Now here's the issue: A home-grow option would be fully expected if recreational marijuana were to be legalized nationally, or even on a state-by-state basis. However, a home-grow option for households also gives teens considerably easier access to marijuana. Lawmakers would need to figure out whether a full legalization would entail a home-grow option, and if so, what sort of checks and balances would be put in place to keep weed out of the hands of adolescents.

A law enforcement officer holding a breathalyzer device.

Image source: Getty Images.

2. Driving-while-under-the-influence guidelines

A second behind-the-scenes issue that the recreational marijuana industry is likely to contend with is the regulation of driving under the influence of cannabis. There's clear-cut evidence that using marijuana impacts a person's ability to drive -- that's not the contention here. The issue at hand is at what level of tetrahydrocannabinol (THC), the psychoactive component of cannabis, in a person's body is it no longer safe to drive?

When we look at alcohol consumption, we have a pretty clear line in the sand. Nationally, if you use a breathalyzer and blow in excess of 0.08% blood alcohol content, you're not fit to drive. Field sobriety tests conducted by a law enforcement officer can provide additional evidence to this. But when it comes to cannabis use, there are no official guidelines. There aren't even any approved breathalyzer tests yet to measure THC, though numerous tests are in development and/or being tested in the field. Furthermore, THC presents a unique challenge in that it remains present in the body for days, or even weeks, after use, making a blood test not all that accurate for drivers who've used the substance. 

In order for recreational marijuana to be considered for a nationwide legalization, national use guidelines for those operating motor vehicles would need to be established. Additionally, we'd need to see approved diagnostic tests on the market for law enforcement to accurately measure THC levels and establish when the drug was last used by the driver.

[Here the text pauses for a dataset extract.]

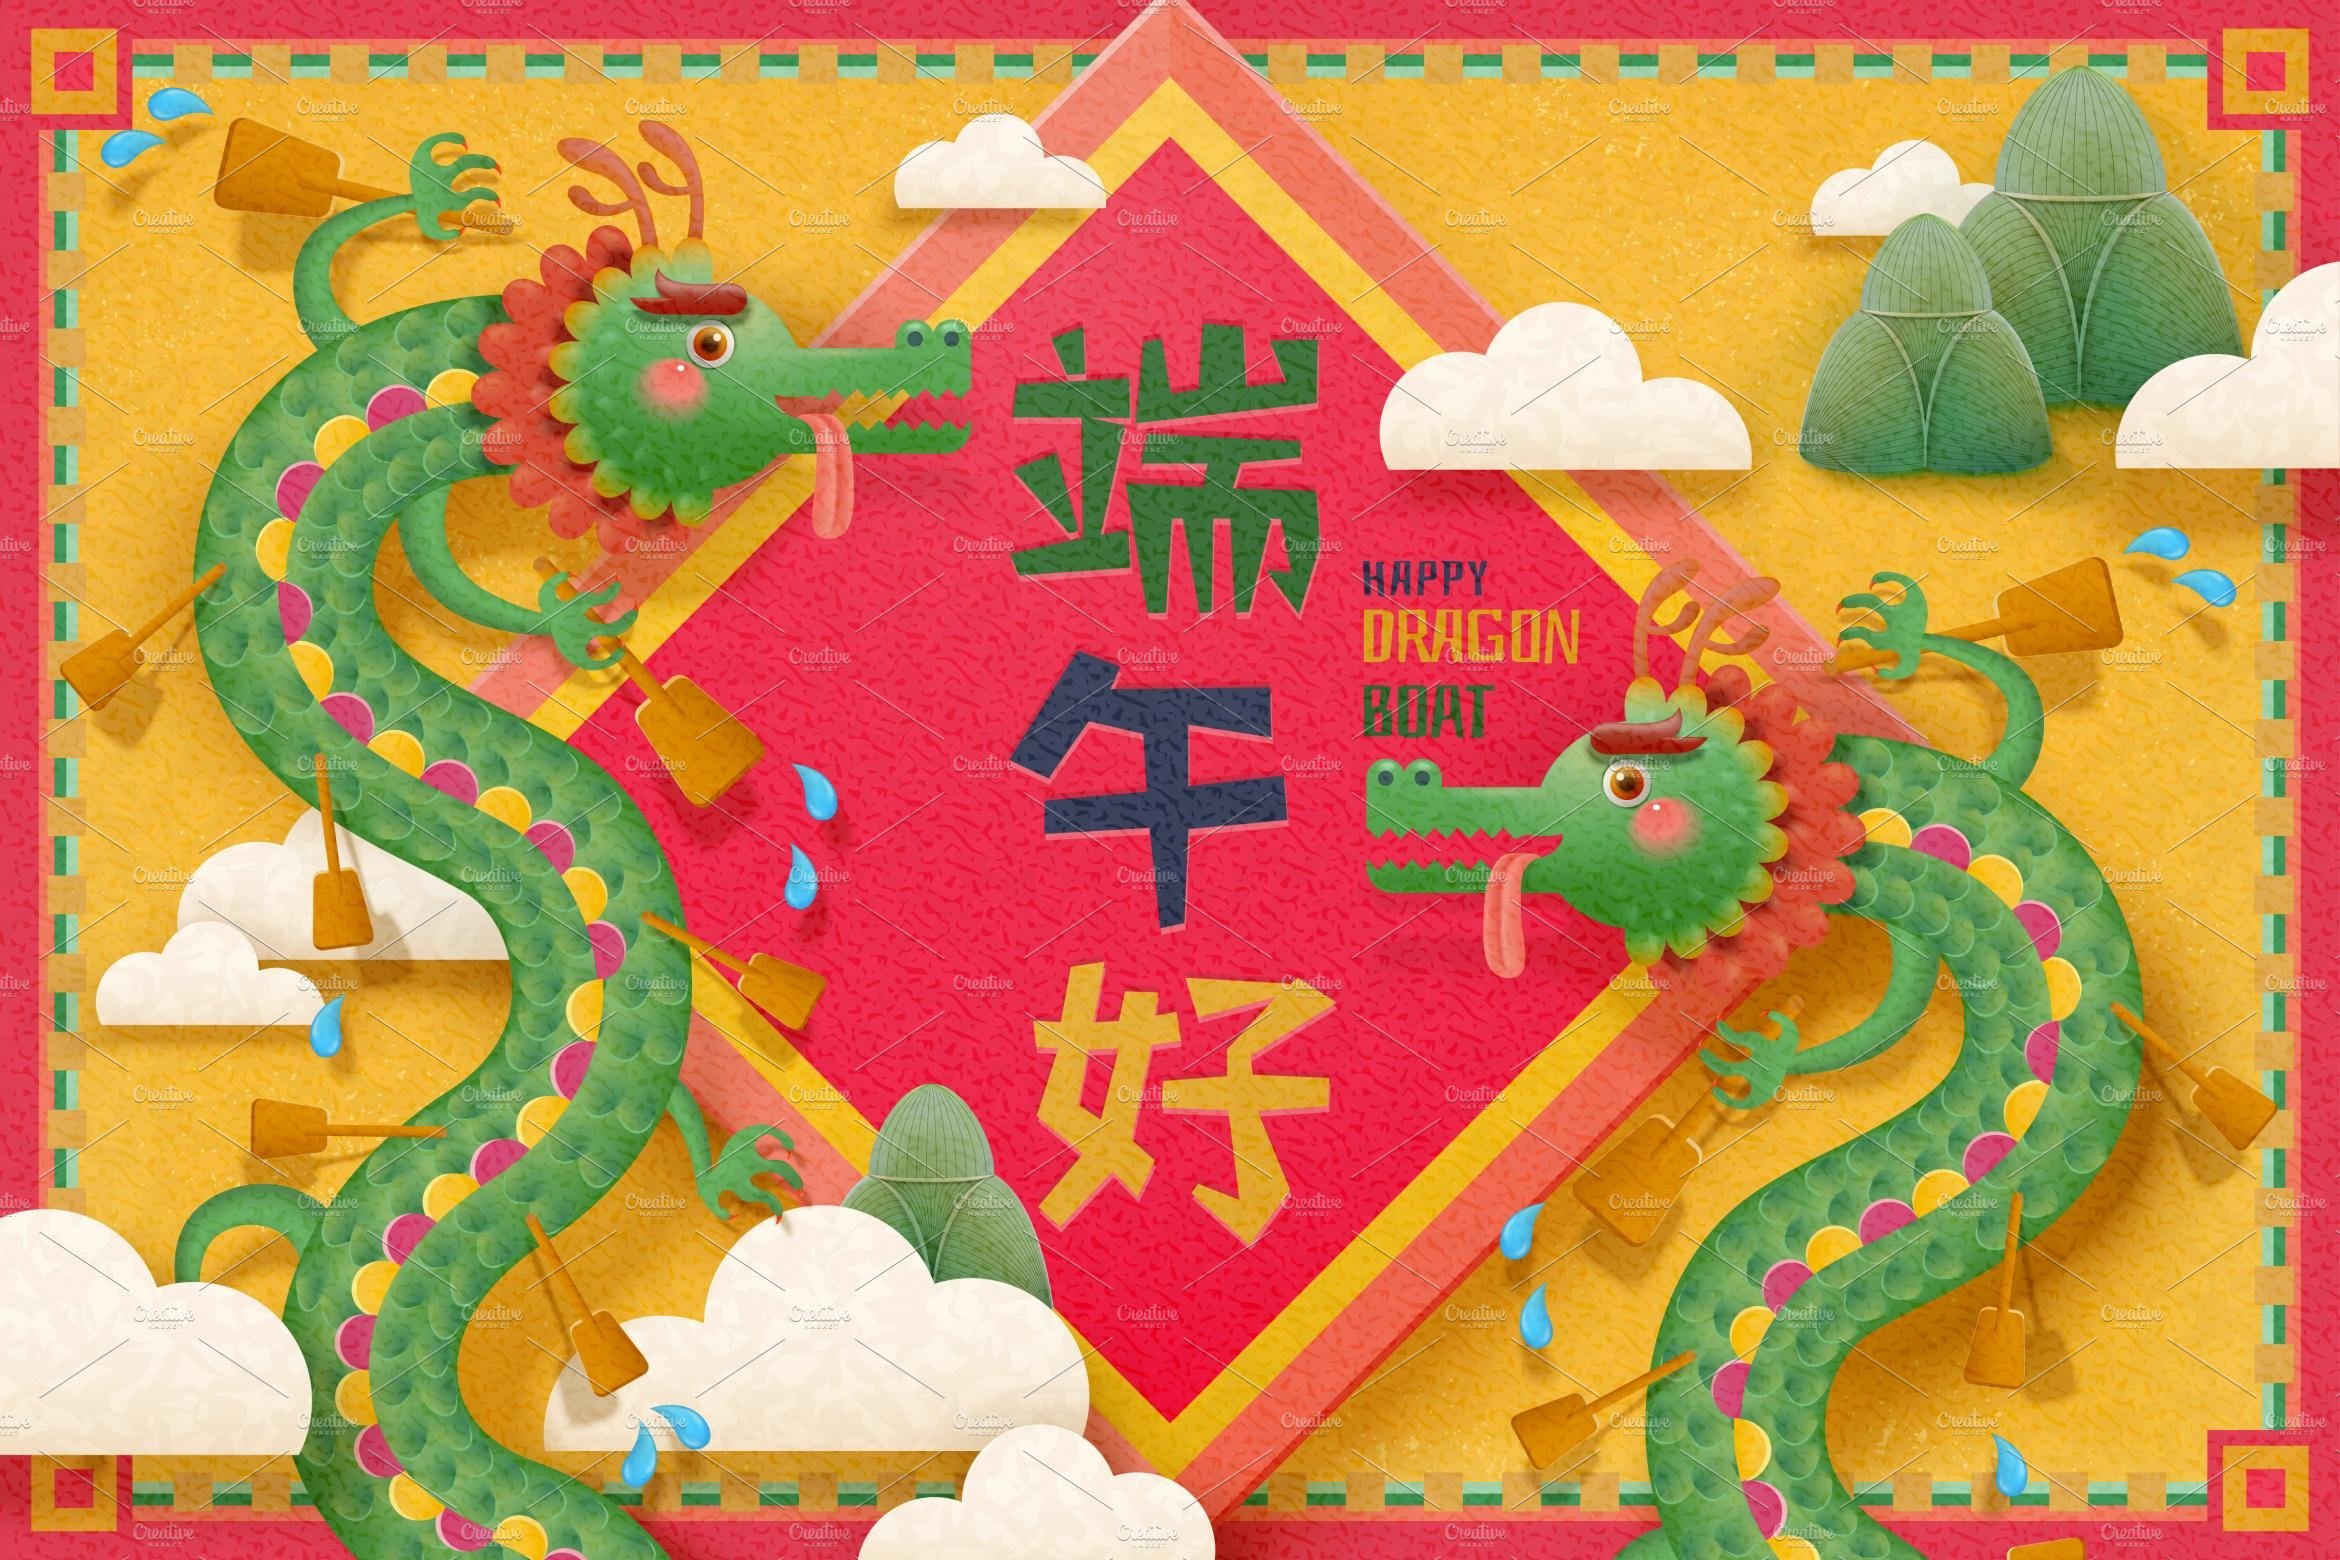 Dragon boat festival cover image.

An employer holding drug-testing paperwork.

Image source: Getty Images.

3. Employer drug-testing guidelines

A final behind-the-scenes hurdle that the recreational marijuana industry is struggling with is employer-based drug testing guidelines. Some employers prefer to follow federal guidelines when testing for illicit substances, which means that a positive marijuana test can equate to not being hired for a job, or worse, being fired. This holds true in some cases even if you're a medical marijuana patient in a legal state. Employers have the right not to alter their drug-testing policies and to instead follow the Schedule 1 status established in Washington.

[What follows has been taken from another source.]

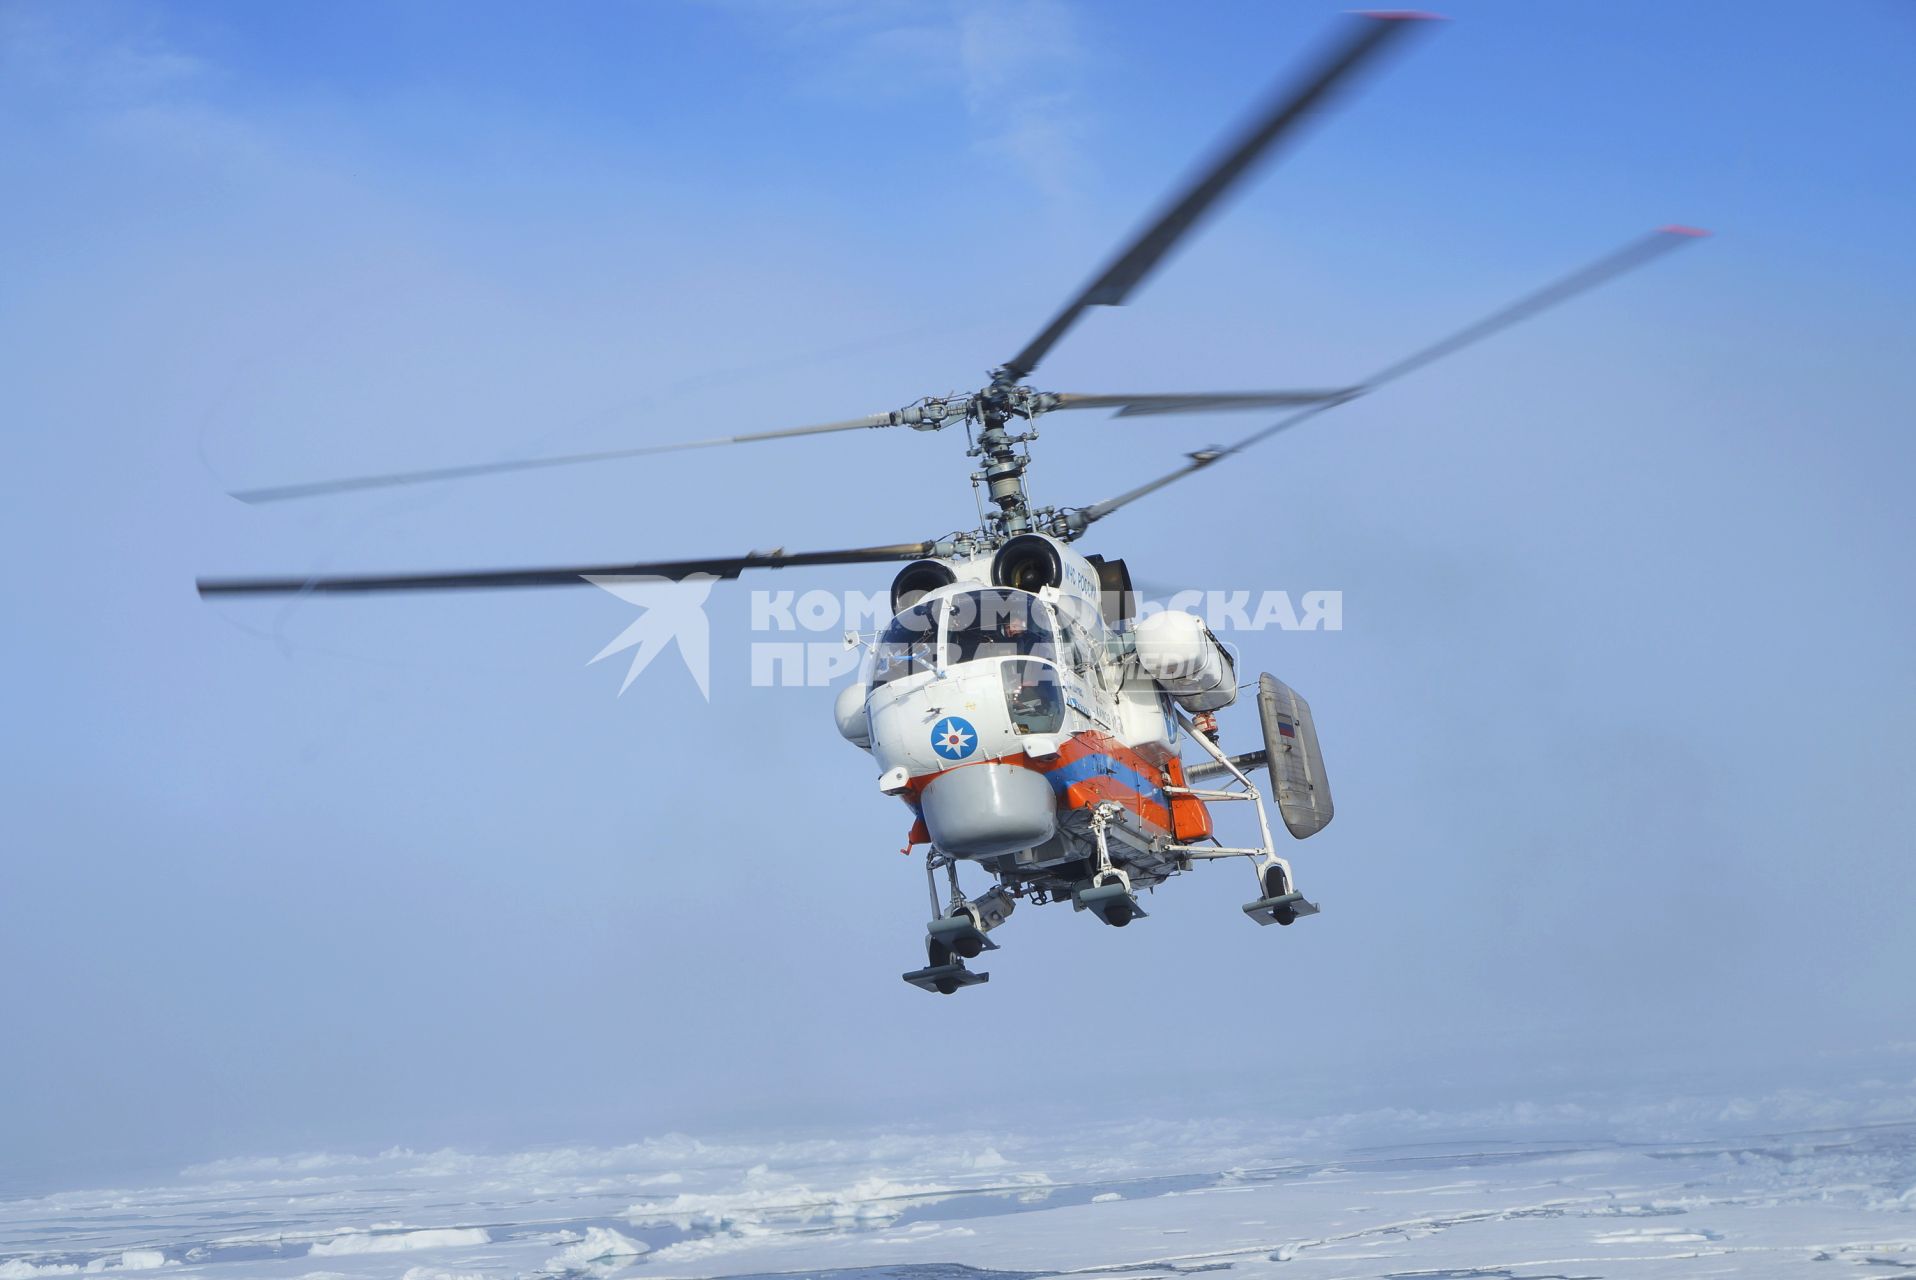 Вертолет Ка-32 МЧС России взлетает с палубы ледокола \"Капитан Драницын\", во время похода на северный полюс, для эвакуации сезонной дрейфующей станции \"Северный полюс 2015\". Северный ледовитый океан

As was reported by the Los Angeles Times last year, companies in safety-sensitive industries are especially unwilling to allow their employees to use marijuana, or have THC in their system, while on the job. These include industries like construction and trucking, which require the operation of heavy machinery. On a more company-specific basis, Boeing (BA 0.15%), the nation's airplane manufacturing giant, has stated that it won't alter its drug-testing policies despite have a large base of employees in Washington, a state that has legalized recreational and medical weed. 

The only way for the pot industry to leap over this hurdle is to change Capitol Hill's stance on cannabis, which is easier said than done.

The weed industry has plenty of inherent disadvantages, but these behind-the-scenes hurdles are just as big of an issue as the readily apparent challenges it faces. As I've opined for years now, while the industry has been growing quickly, investors' best bet remains on the sidelines and far away from marijuana stocks until these bigger issues are resolved.